Benjamin Bathurst, a British diplomat, disappears while staying at an inn in Prussia. Piper describes Bathurst in the story as "a rather stout gentleman, of past middle age" (although the real Bathurst was only 25 years old at the time of his disappearance).

This story posits that Bathurst slipped into a parallel universe. This event was referenced in the Paratime story "Police Operation", also written by Piper. The point of divergence from our history is the Battle of Quebec on December 31, 1775 in which Benedict Arnold is killed instead of merely wounded, leading to the victory of British General John Burgoyne over his American counterpart Horatio Gates at the Battles of Saratoga on September 19 and October 7, 1777. Consequently, the American Revolution is eventually crushed while the French Revolution is a total failure and there were no Napoleonic Wars.

The alternate Bathurst served as the lieutenant governor of the Crown Colony of Georgia.
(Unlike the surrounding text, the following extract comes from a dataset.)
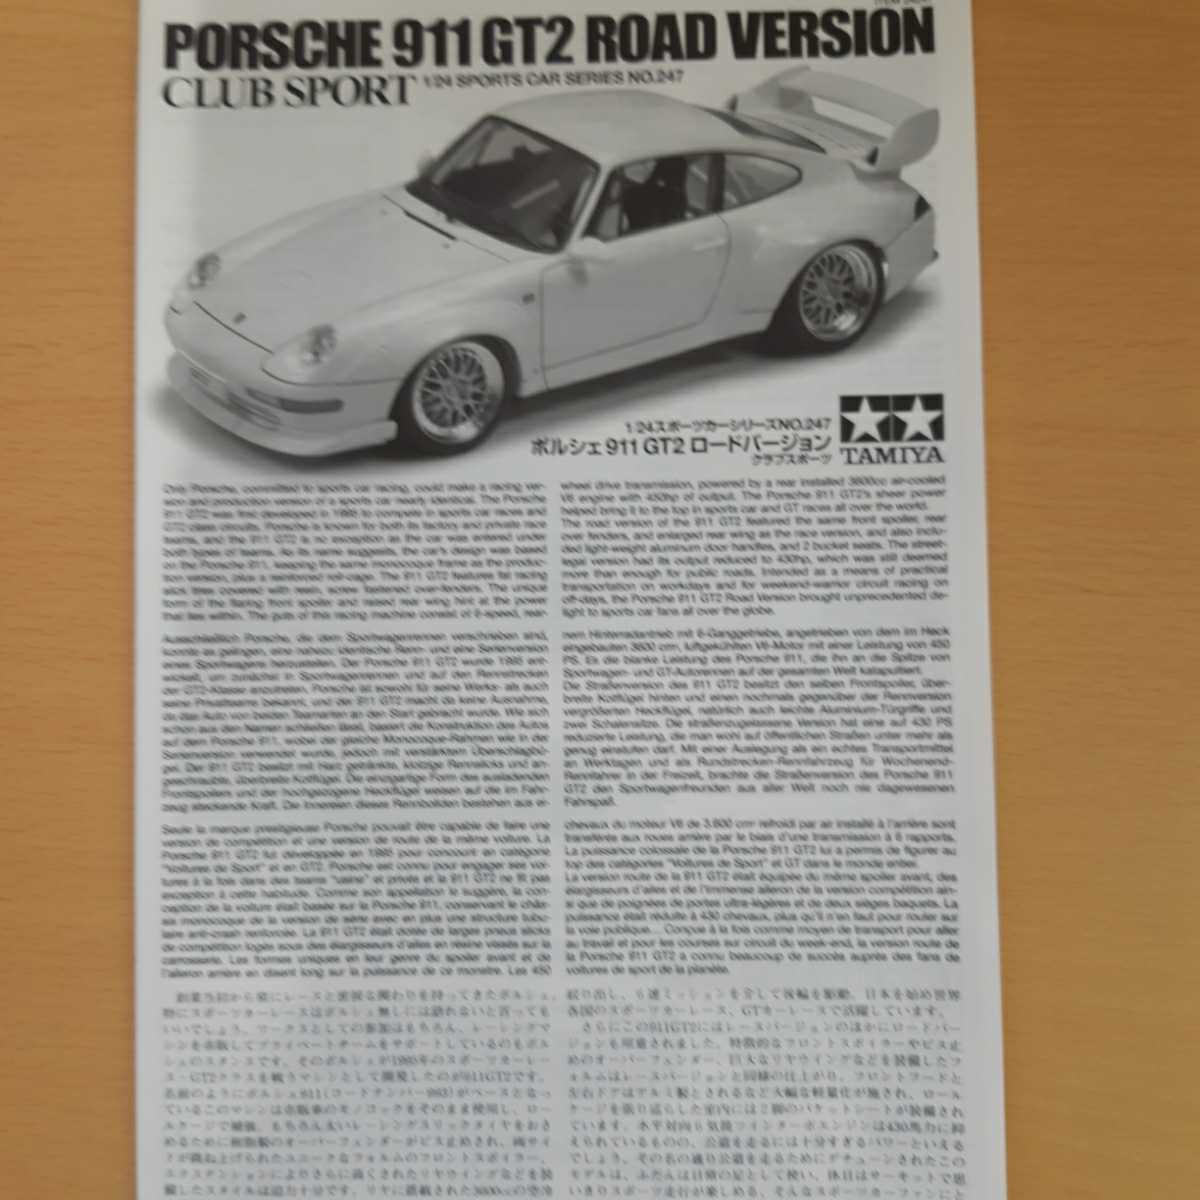 TAMIYA ポルシェ 911 GT2 ロードバージョン クラブスポーツ 1/24スポーツカーシリーズNo.247 ディスプレイモデル(ポルシェ)｜売買されたオークション情報、yahooの商品情報をアーカイブ公開  - オークファン（aucfan.com）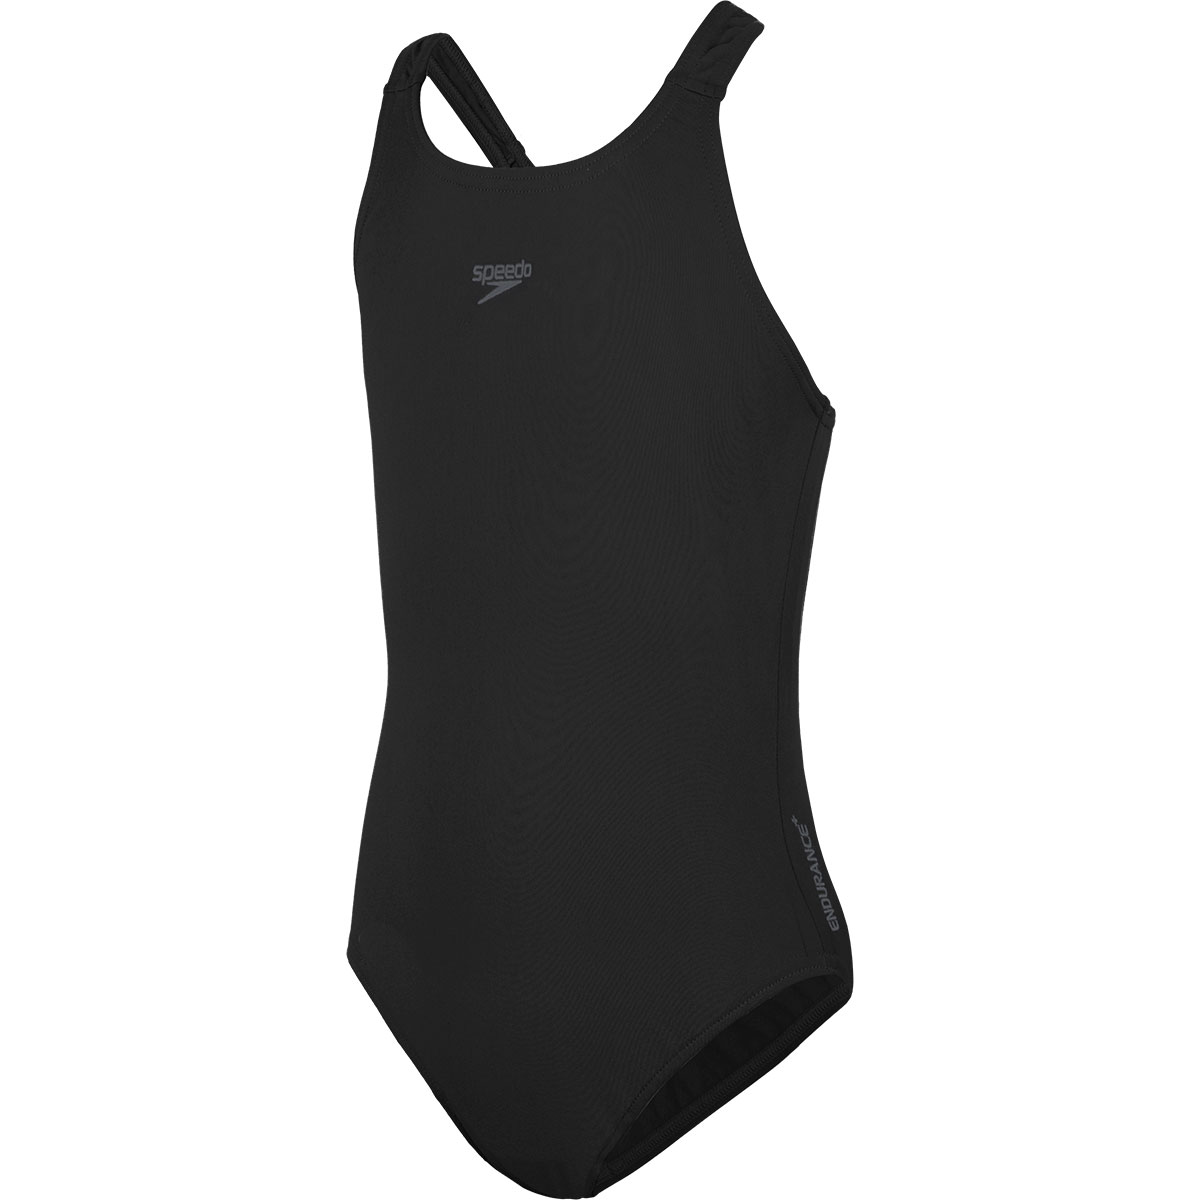 Image of Speedo Girl's Essential Endurance+ Medalist Swimsuit - black

Napoleon Bonaparte is a colonel in the French Army who is considered a brilliant tactician. Charles Maurice de Talleyrand-Périgord has remained in ecclesiastical orders and risen to become a Catholic Cardinal as well as Louis XVI's Chief Minister. George Washington was killed in battle at Doylestown, Pennsylvania during the short-lived rebellion of the colonies in British North America. Moreover, Thomas Jefferson - the author of the American rebels' Declaration of Philadelphia - fled to Havana and eventually died in the Principality of Liechtenstein several years prior to 1809, while James Madison is in exile in Switzerland. The Bathurst from our timeline is judged to be either insane, or a spy, and imprisoned. He attempts to escape, but is fatally shot. There was also a theory that he was his counterpart's half-brother. However, it is noted that there is no evidence to support this.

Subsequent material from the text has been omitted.